What Should Employers Do Now?

Review FMLA Policies and Related Documents. Employers should inventory all of their FMLA policies, handbooks, notices, forms and other related documents to determine what revisions are needed to incorporate the Military Family Leave provisions. As part of this review, employers should take this opportunity to confirm that their FMLA policies and related documents correctly reflect the treatment of an employee’s benefits during FMLA as outlined in the Proposed Regulations.

Review Plan Documents and Summary Plan Descriptions. Employers should review their health and welfare plan documents, summary plan descriptions and other related documents to ensure that the documents are amended to incorporate the changes required by the Military Family Leave provisions.
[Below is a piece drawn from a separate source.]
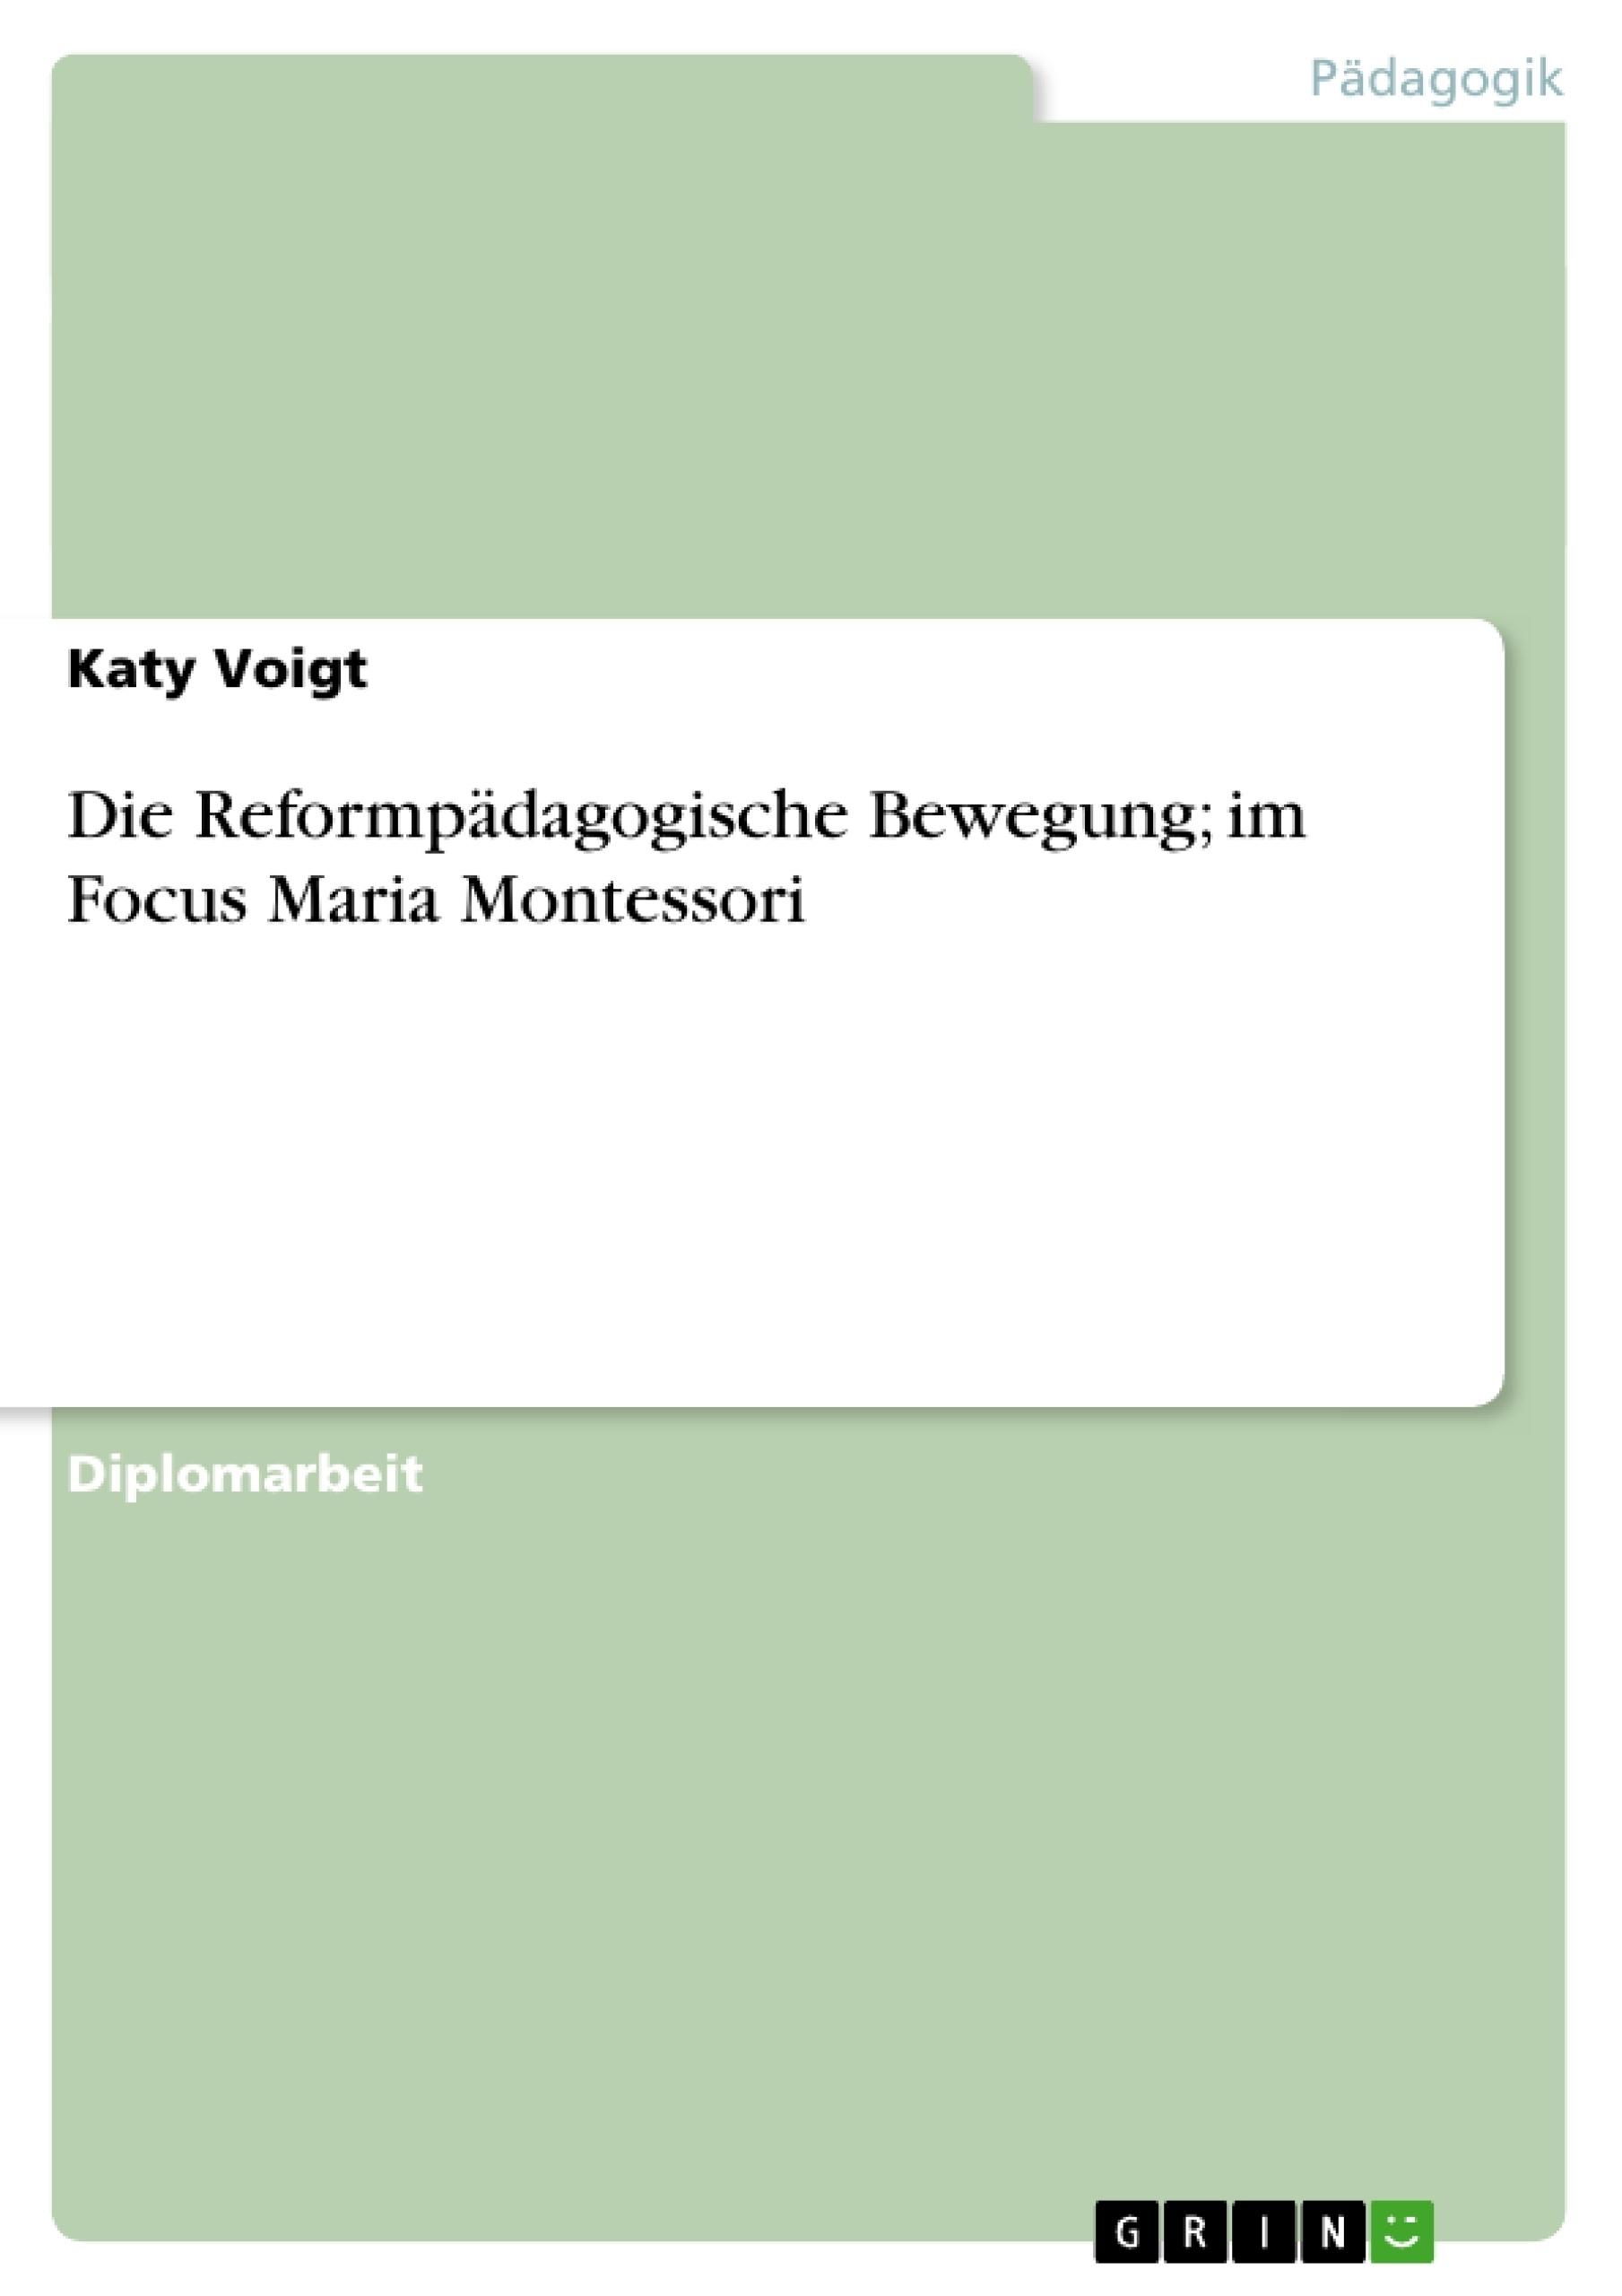 Die Reformpädagogische Bewegung; im Focus Maria Montessori ...

Until final regulations are issued regarding the FMLA amendments, employers are expected to comply with the NDAA in good faith and may look to their existing FMLA policies for guidance as to how the military-related FMLA leaves should be administered. In that regard, employers should confirm that their plan documents provide for benefits to continue consistent with the Proposed Regulations for an employee taking Military Family Leave. Because Military Family Leave lasts for a longer period than other FMLA leaves (26 weeks instead of 12 weeks), employers may need to amend their plan documents, insurance policies and other related documents to provide for such benefits during the leave.

Consider Adopting the Qualifying Exigency Leave Provisions. Although Qualifying Exigency Leave is not effective until the DOL issues final regulations, the DOL encourages employers to comply with the Qualifying Exigency Leave provisions now. Employers who elect to provide Qualifying Exigency Leave before the issuance of final regulations should confirm the treatment of their insured coverages during this leave, because their insurance policies may only cover leave required by FMLA.